Intramuscular injection of nerve growth factor (NGF) in healthy humans mimics some of the symptoms of myofascial temporomandibular disorders (M-TMD). We hypothesized that NGF induces a prolonged myofascial mechanical sensitization by increasing peripheral N-methyl-d-aspartate (NMDA) receptor expression, leading to an enhanced response of muscle nociceptors to endogenous glutamate. Behavioral experiments with an injection of NGF (25 μg/ml, 10 μl) into the masseter muscle reduced the mechanical withdrawal threshold for 1 day in male rats and 5 days in female rats. These results mirror the sex-related differences found in NGF-induced mechanical sensitization in humans. Intramuscular injection with the competitive NMDA receptor antagonist dl-2-amino-5-phosphonovaleric acid (APV, 0.020 g/ml, 10 μl) reversed the mechanical sensitization in male but not in female rats. NGF increased the number of NMDA receptor subtype 2B (NR2B)-expressing rat trigeminal masseter ganglion neurons in both sexes, which peaked at 3 days post injection. There was an association between the levels of NR2B expression and NGF-induced mechanical sensitization. The average soma size of NR2B-expressing neurons increased significantly. Increased expression of neuropeptides (CGRP and SP) was observed in NR2B-expressing masseter ganglion neurons in female but not in male rats. In healthy men and women, comparable basal expression levels of NR2B and SP were found in peripheral fibers from masseter muscle microbiopsies. This study suggests that NGF-induced sensitization of masseter nociceptors is mediated, in part, by enhanced peripheral NMDA receptor expression. Measurement of peripheral NMDA receptor expression may be useful as a biomarker for M-TMD pain.

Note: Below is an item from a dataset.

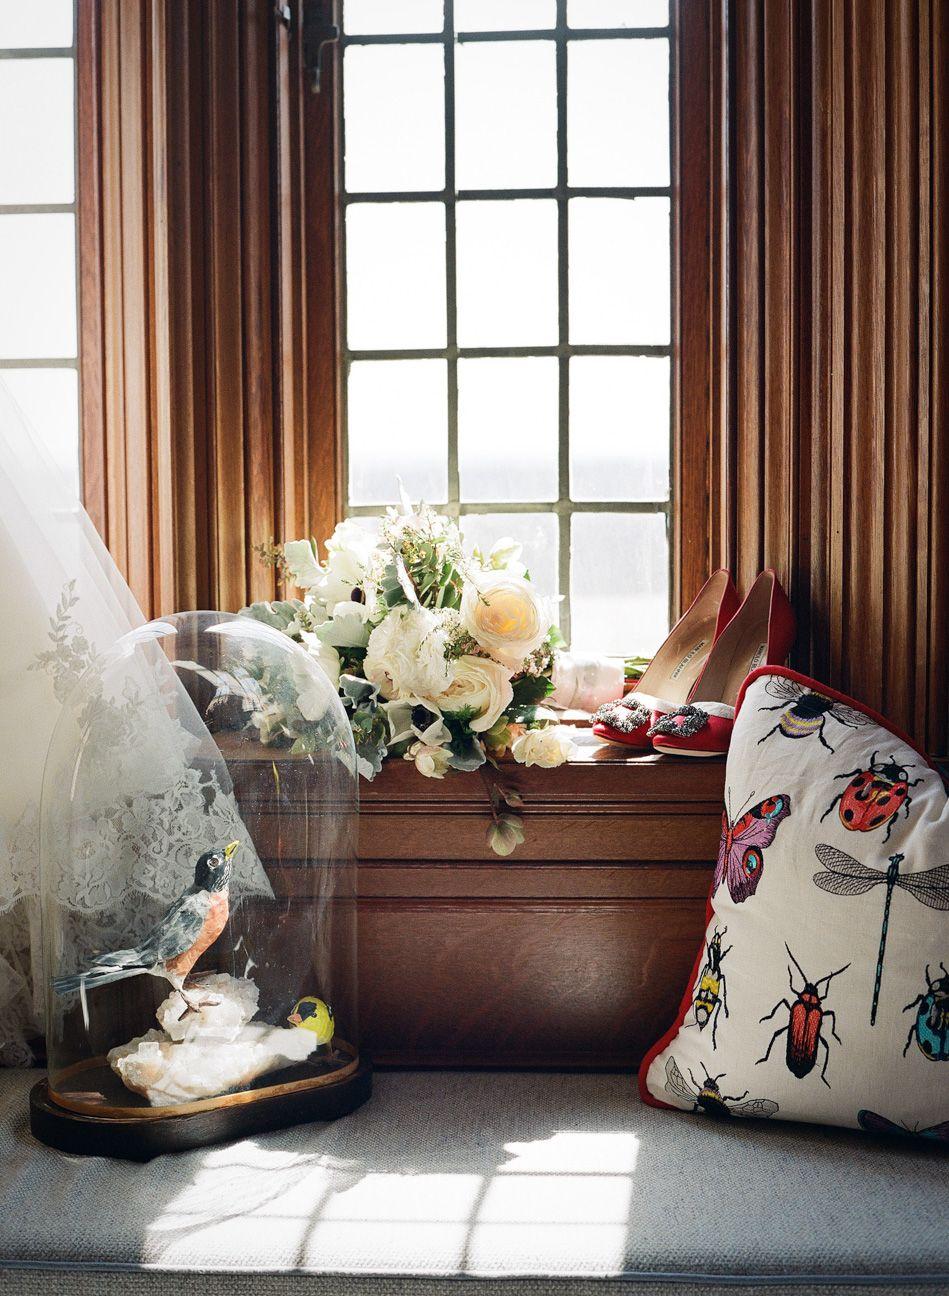 KarenHillPhotography-Zhu-Wedding-0038.jpg

在健康人体中肌肉注射神经生长因子(NGF)会模拟肌筋膜性颞下颌关节紊乱症(M-TMD)的一些症状。我们推测,NGF通过增加外周N-甲基-D-天冬氨酸(NMDA)受体表达诱导长时间的肌筋膜机械性致敏,导致肌肉伤害感受器对内源性谷氨酸的反应增强。向雄性大鼠咬肌注射NGF(25μg/ml,10μl)的行为实验使机械撤针阈值降低1天,而在雌性大鼠中降低5天。这些结果反映了在人类中发现的NGF诱导的机械性致敏的性别差异。肌肉注射竞争性NMDA受体拮抗剂dl-2-氨基-5-磷酸戊酸(APV,0.020g/ml,10μl)可逆转雄性大鼠而非雌性大鼠的机械性致敏。NGF增加了两性中表达NMDA受体2B亚型(NR2B)的大鼠三叉咬肌神经节神经元数量,在注射后3天达到峰值。NR2B表达水平与NGF诱导的机械性致敏之间存在关联。表达NR2B的神经元的平均胞体大小显著增加。在雌性而非雄性大鼠的表达NR2B的咬肌神经节神经元中观察到神经肽(降钙素基因相关肽和P物质)表达增加。在健康男性和女性中,咬肌微生物活检的外周纤维中发现NR2B和P物质的基础表达水平相当。这项研究表明,NGF诱导的咬肌伤害感受器致敏部分是由外周NMDA受体表达增强介导的。外周NMDA受体表达的测量可能作为M-TMD疼痛的生物标志物有用。